More Accurate Learning of k-DNF Reference Classes

Authors: Brendan Juba, Hengxuan Li4385-4393

AAAI 2020 | Conference PDF | Archive PDF | Plain Text | LLM Run Details

Reproducibility Variable Result LLM Response
Research Type Experimental We include an empirical demonstration that our large formula algorithm can be used in practice for a similar application, explaining the decisions of classifiers on a given point. We find that our algorithm can compete with the previous algorithms for this task (Ribeiro, Singh, and Guestrin 2016; 2018) while providing theoretical guarantees. Similarly, the small formula algorithm of Juba et al. (2018) was used for the conditional linear regression experiments of Hainline et al. (2019), and found to be effective in practice.
Researcher Affiliation Collaboration Brendan Juba Washington University in St. Louis bjuba@wustl.edu Hengxuan Li Facebook lhx@fb.com
Pseudocode Yes Algorithm 1: Partial Greedy Algorithm; Algorithm 2: Low Deg Partial(X)
Open Source Code Yes Code for the experiments can be found at https://github.com/lihengxuan-wustl/Refclass-KDNF.
Open Datasets No The paper mentions using the "Lending dataset" and states "using the same settings as Ribeiro et al.", implying the dataset source.
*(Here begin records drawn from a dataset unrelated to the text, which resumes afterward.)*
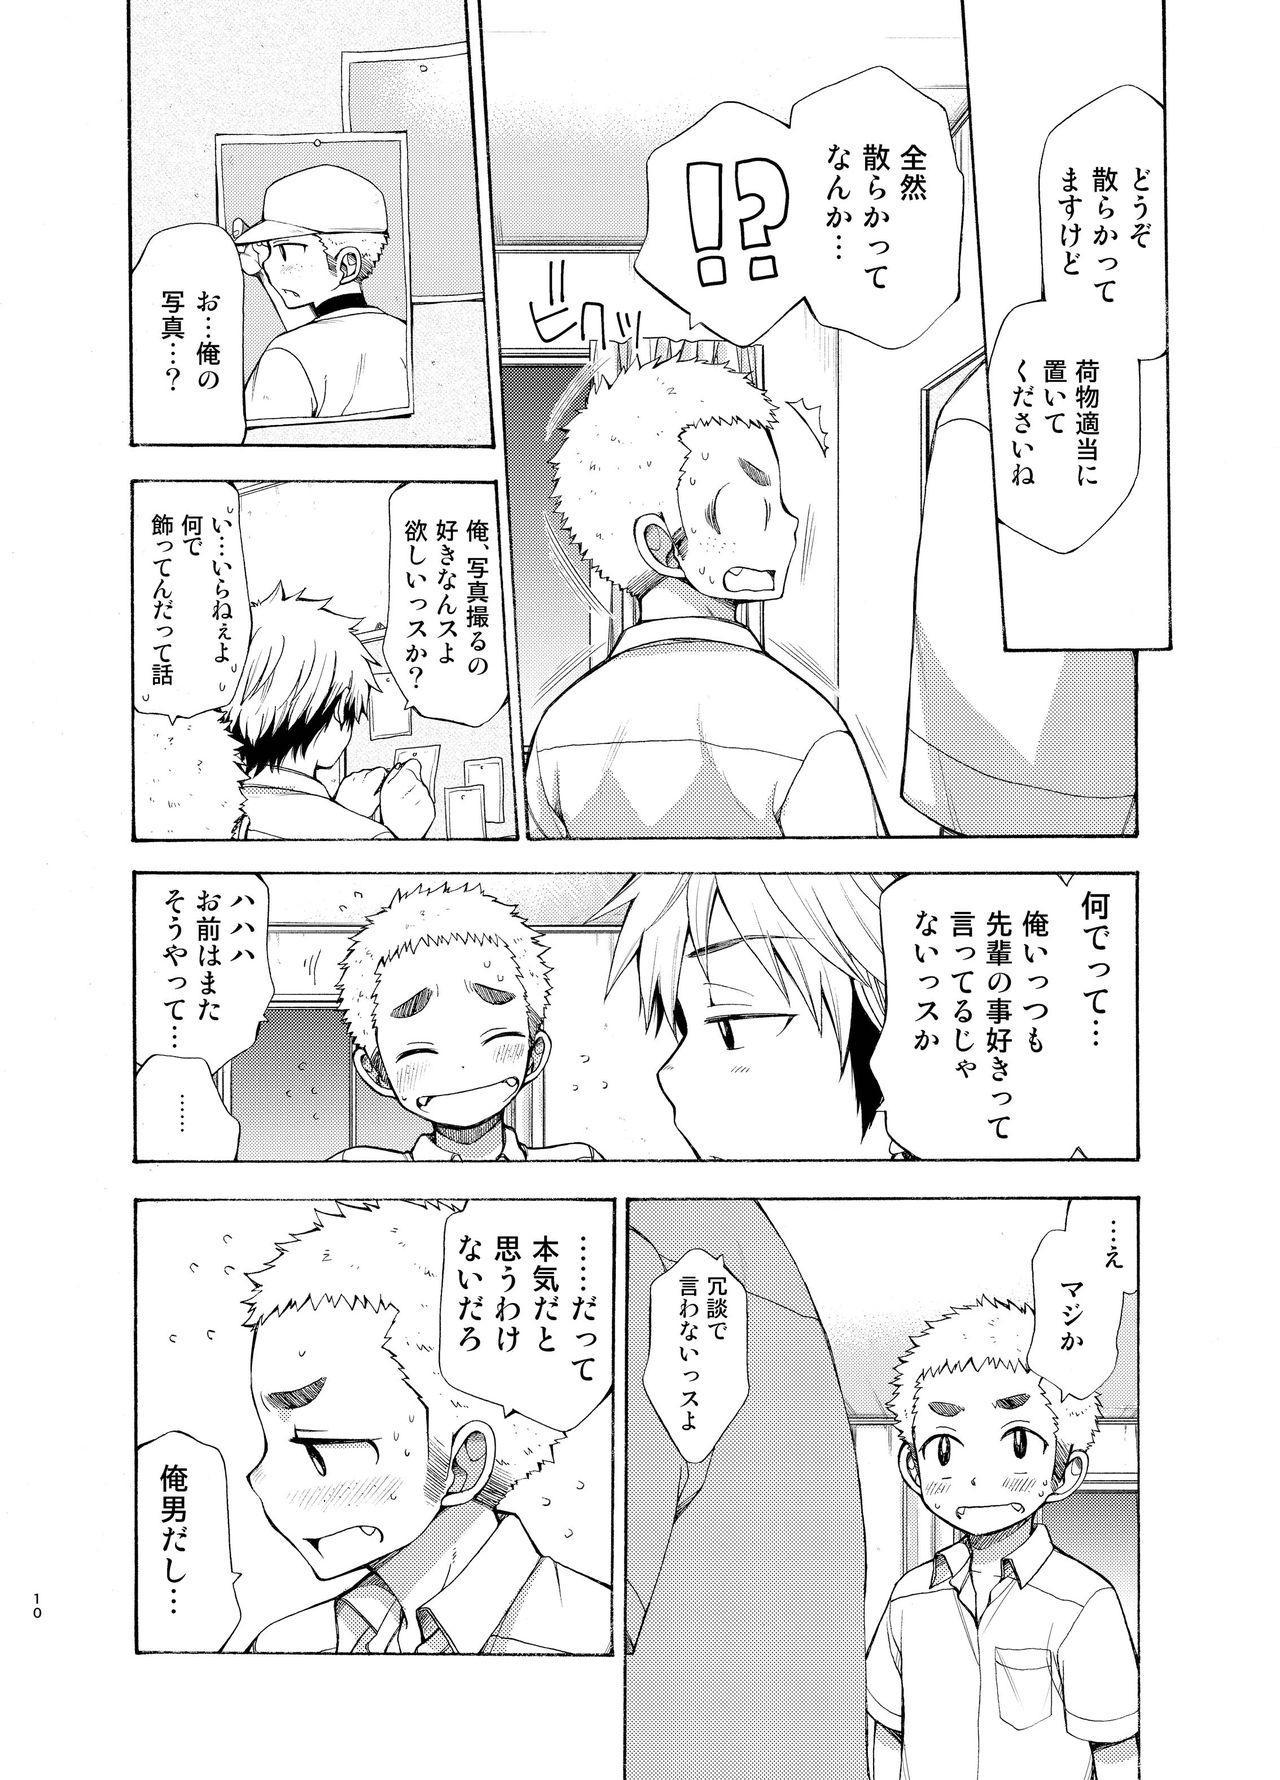 Yuuwaku ni Yowai Ore no Senpai 9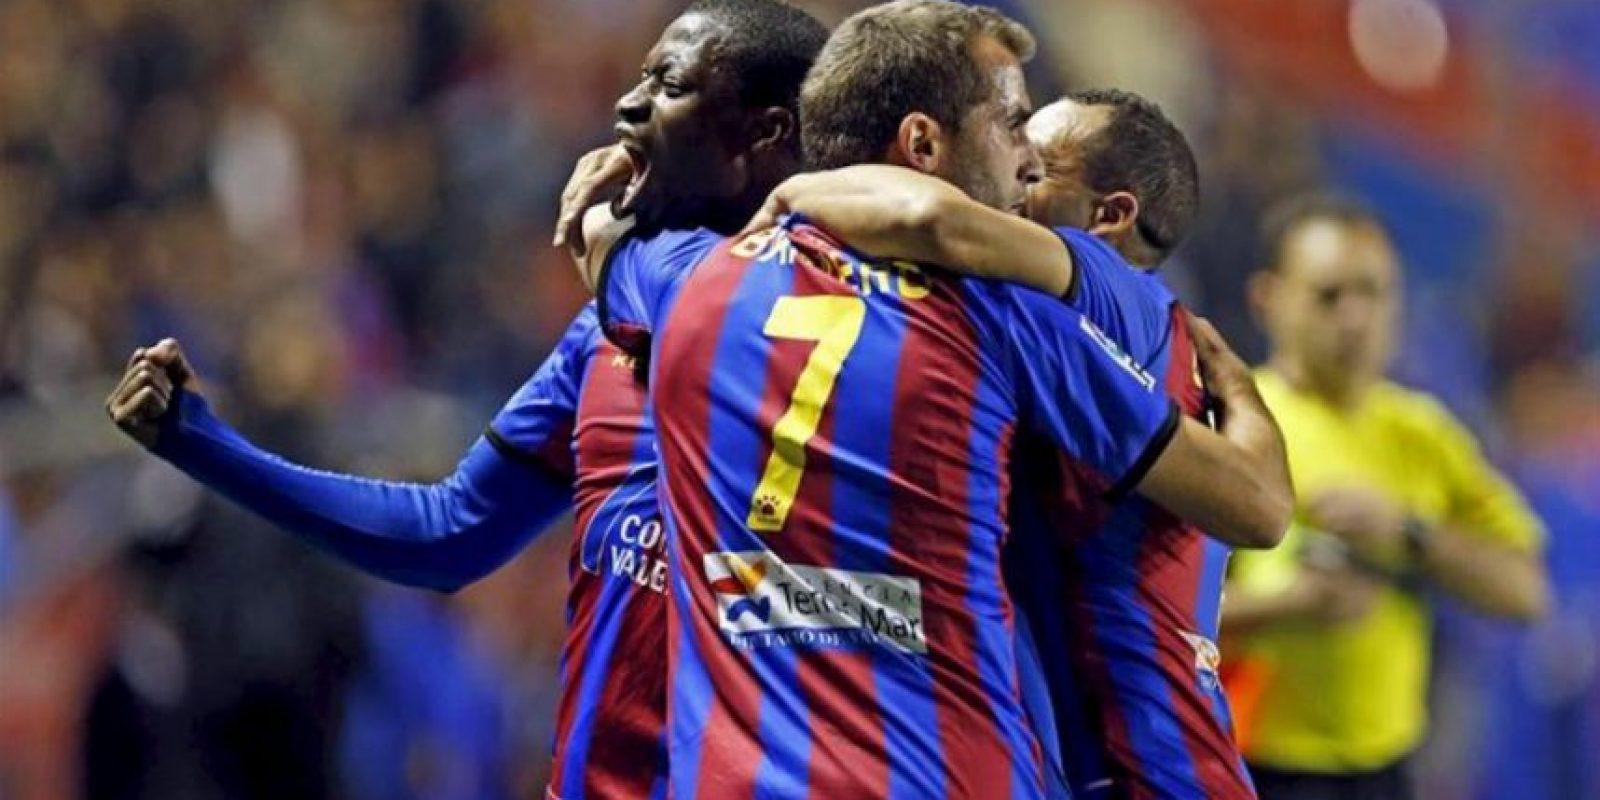 El centrocampista del Levante José Javier Barkero (c) celebra con sus compañeros el gol marcado ante el Valladolid, el primero del equipo, durante el partido correspondiente a la vigésimo primera jornada de Liga de Primera División disputado en el estadio Ciutat de Valencia. EFE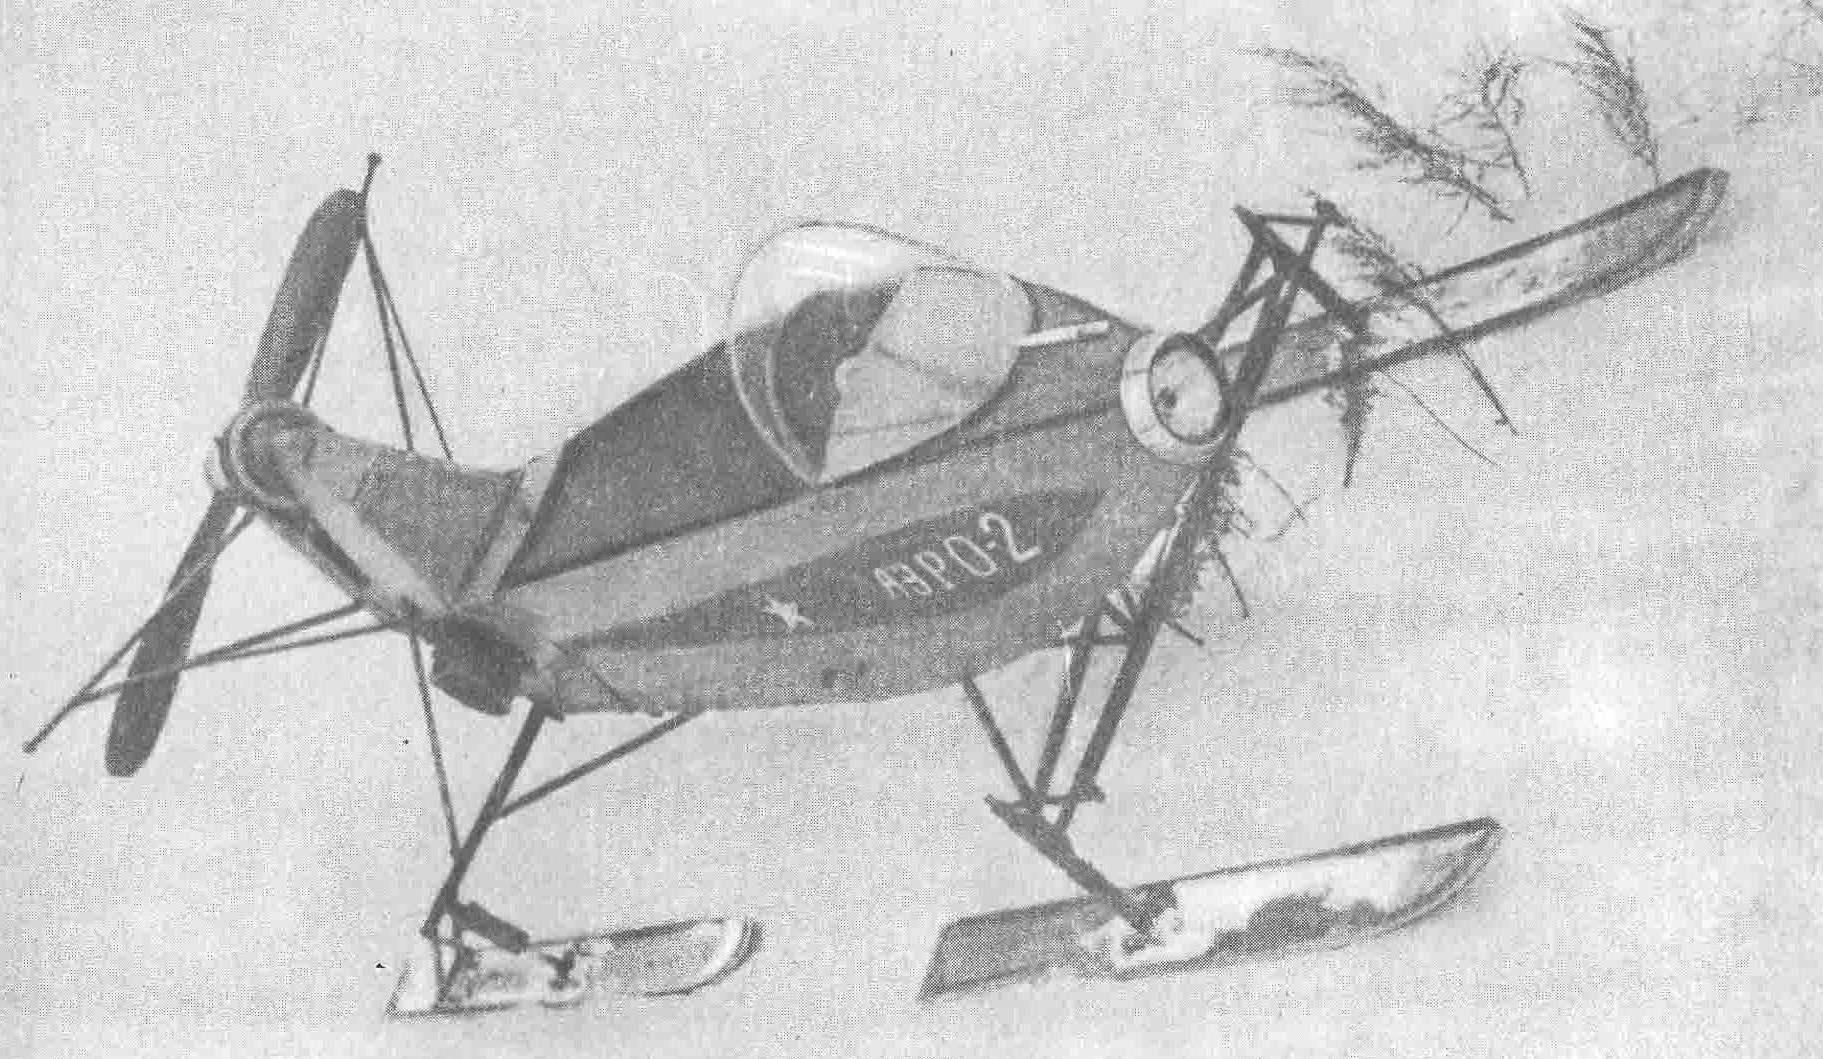 Оригинальная подвеска лыж аэросаней, построенных П. Семкиным, на рамках-качалках.

However, it does not provide a direct link, DOI, or a formal citation with author and year for explicit public access to the Lending dataset itself.
Dataset Splits Yes using the same settings as Ribeiro et al. we split the Lending dataset into three parts: a training set with 5635 examples, and a validation set and test set of 1134 examples each.
Hardware Specification No The paper mentions "Our single-threaded Cython implementation takes about two days to compute a reference class on this data set." but does not specify any hardware details like CPU, GPU, or memory.
Software Dependencies No The paper mentions "Cython implementation" but does not specify version numbers for Cython or any other software dependencies.
Experiment Setup No The paper mentions training three models (logistic regression, gradient boosted trees, multilayer perceptron) and using 3-DNFs rules, and also notes using "the same transformation of the real-valued and categorical features to Boolean attributes as used by Ribeiro et al." However, it does not provide specific hyperparameter values or detailed training configurations (e.g., learning rates, batch sizes, epochs) for the models trained.